Wartburg used a public bond issue to build The Wartburg-Waverly Sports and Fitness center—aka “The W.” The facility includes a 6,500-square-foot fitness center with traditional strength and cardio equipment as well as machines designed with older or less-able-bodied users in mind. The center also includes group exercise studios, a climbing wall, several sports courts, indoor running tracks, massage and therapy facilities and a zero-depth entry leisure pool with a waterslide. The pool connects to a six-lane, 25-yard competition lap pool.
The W also has a private training room for its NCAA Division III student-athletes, which its executive director, Jim Langel, says was created so community members would not feel intimidated or outnumbered. Of the school’s student body of 1,800, around 600 are student-athletes.
Through the terms of the 35-year renewable agreement, the city pays Wartburg $150,000 per year to run its community programming. For the first eight years, Waverly also will chip in $600,000 each year that The W does not meet its annual revenue goals of approximately $2 million.
The $150,000 per year that Wartburg receives to administer the programming is the same amount that it budgeted for before it had access to The W, Langel says. He adds that although some taxpayers originally balked at the financial implications of the partnership, the cost is lower than the city would have incurred had it built and maintained a facility on its own.
“There were community members that were concerned that it was something that would not be used and that it was too much money,” Langel says. “But the response has been really positive since they’ve been able to see what The W can offer.”
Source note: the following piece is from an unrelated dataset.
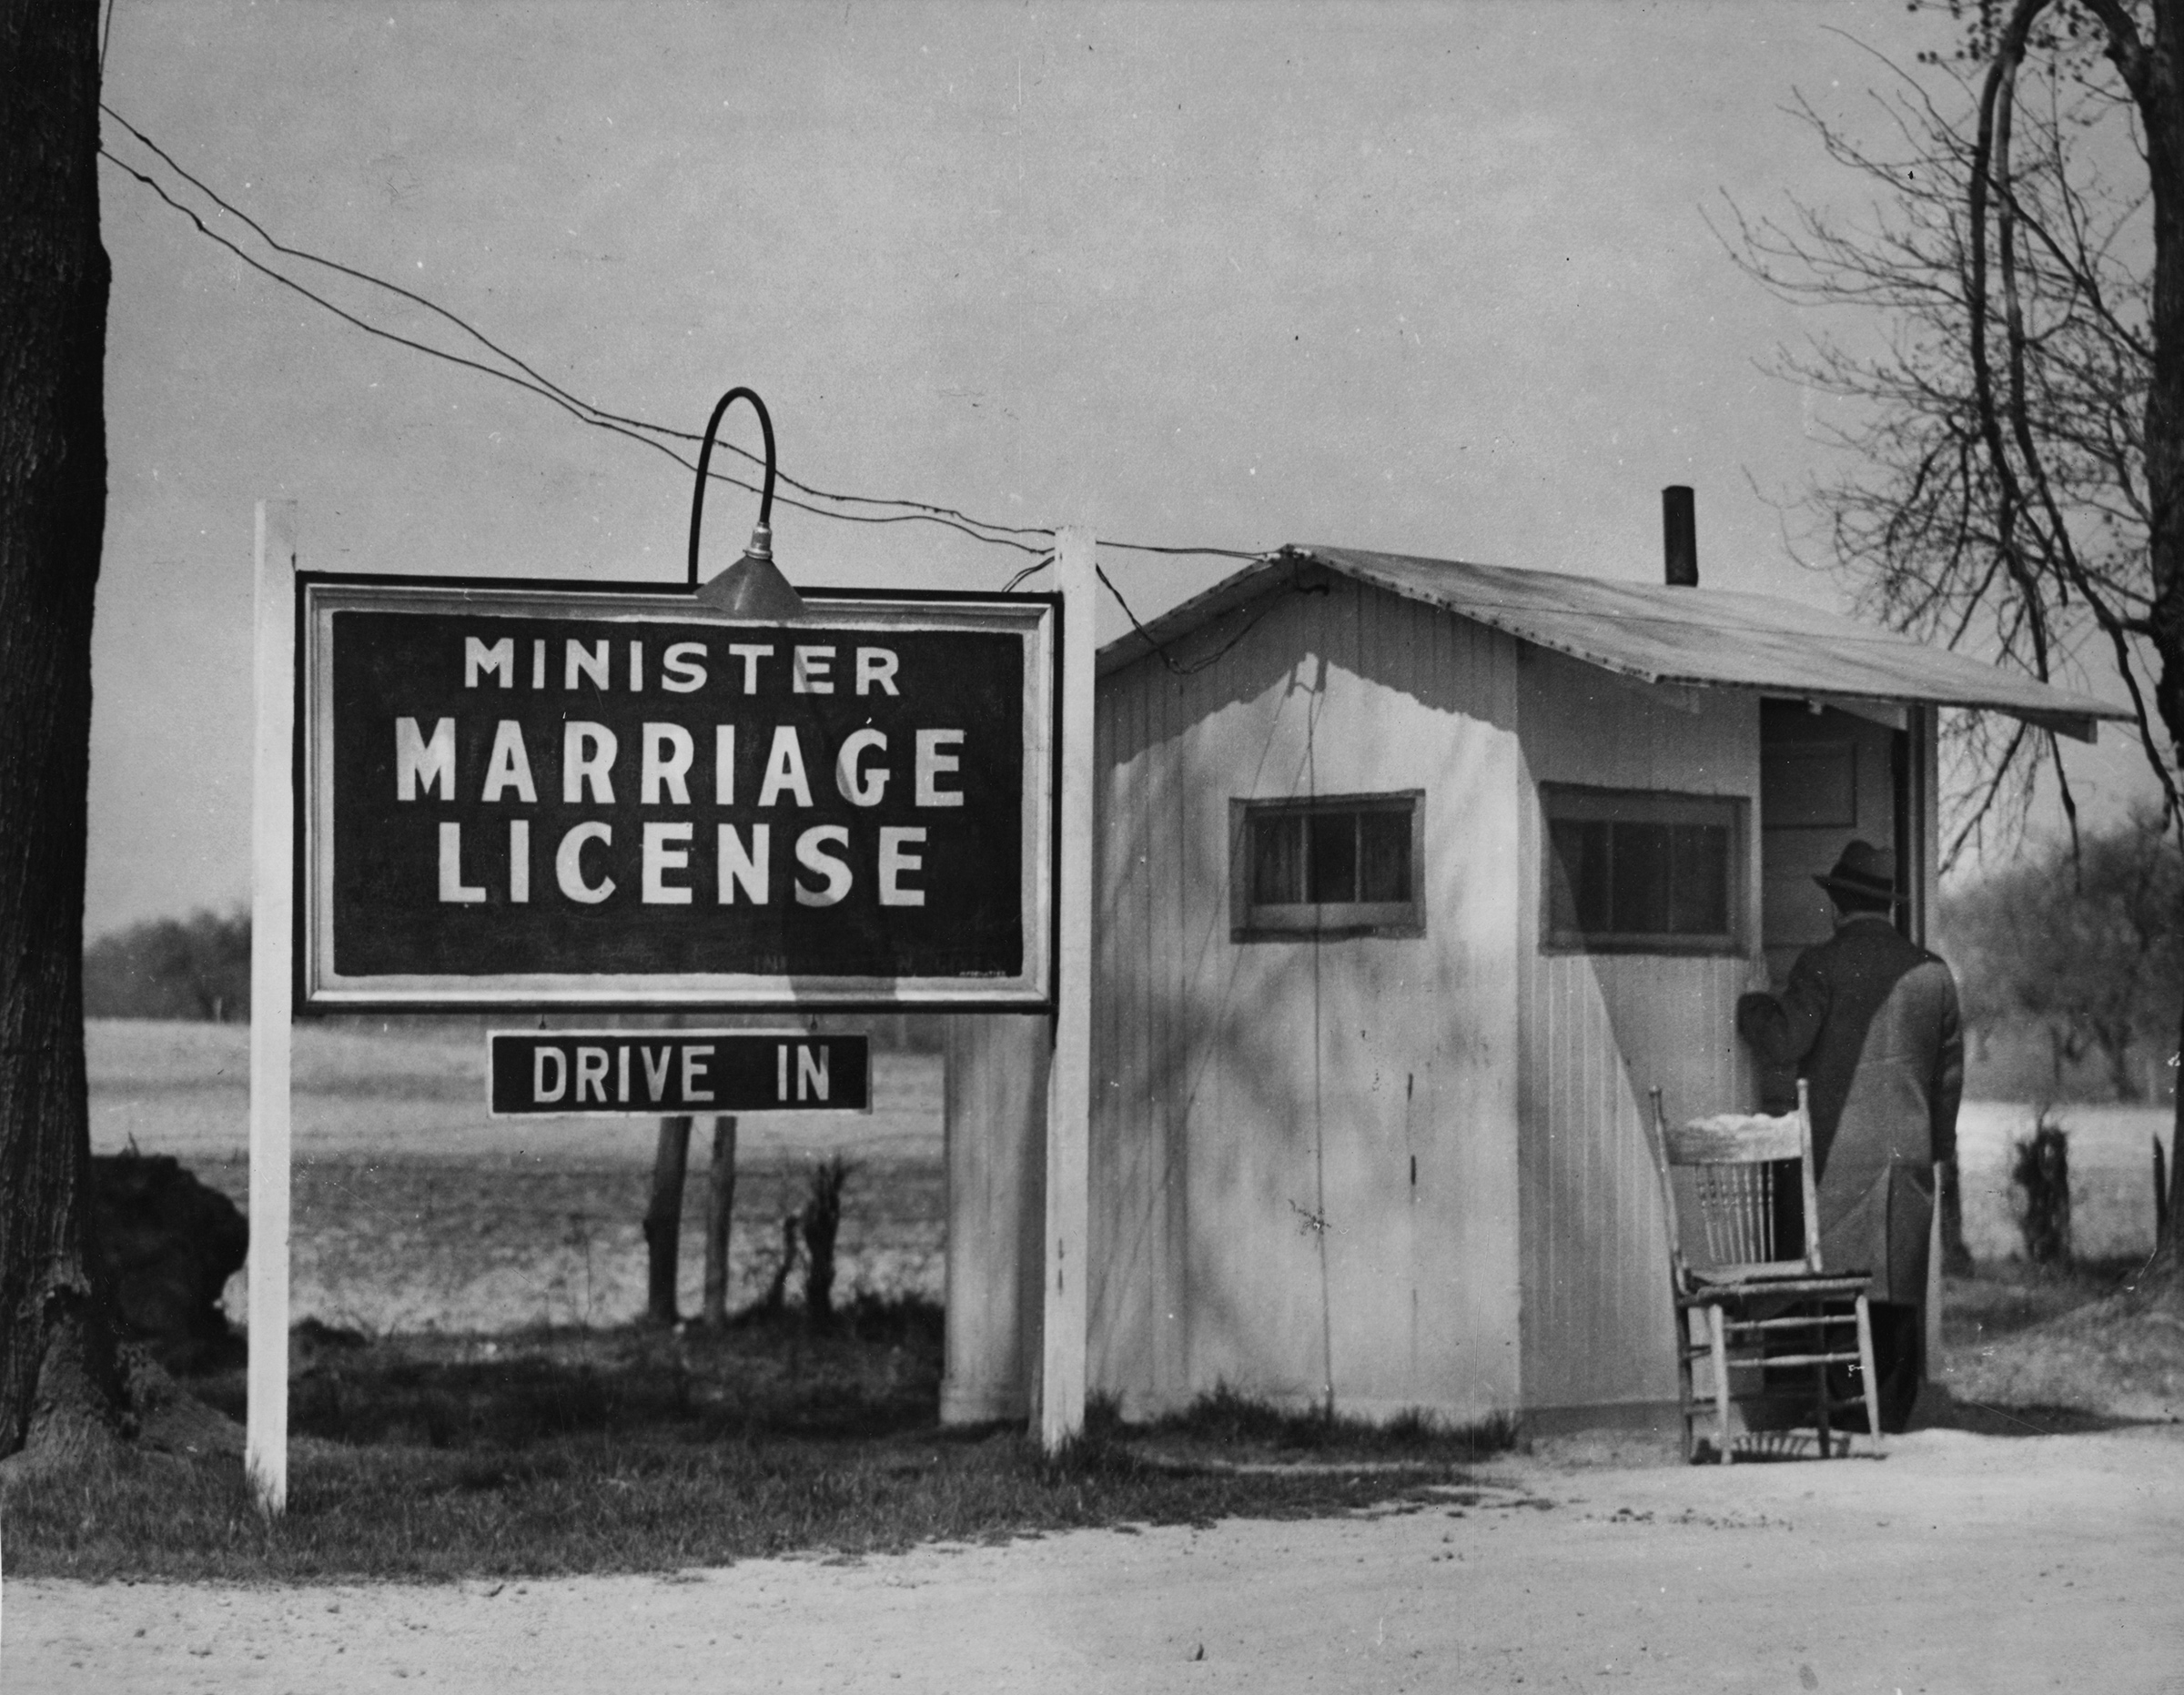 A walk-up customer at the door of a minister's marriage license booth in Elkton, Md. during the 1920-30s (Soibelman Syndicate/Visual Studies Workshop/Getty Image)

The W has so far served a good portion of Waverly’s population of just under 10,000 residents. Last year, it sold 989 memberships (for a total of 2,515 members), and Langel says it already has surpassed those figures in 2011. Those numbers do not include Wartburg students, who automatically become members when they pay the school’s mandatory activity fees.
The facility also is open to nonmembers through day passes and group exercise classes. Wartburg administers the city’s municipal youth leagues and tennis and swim lessons.
Langel says that Wartburg and Waverly work closely to ensure that both The W’s students’ and community users’ needs are met. The W has an advisory board of eight, which is made up of four Wartburg staff members, a city council member and three community members appointed by Waverly’s mayor.
“We meet quarterly, at the very least, to discuss fees and programming, and to make sure we’re running similar or better community rec programs than before,” Langel says.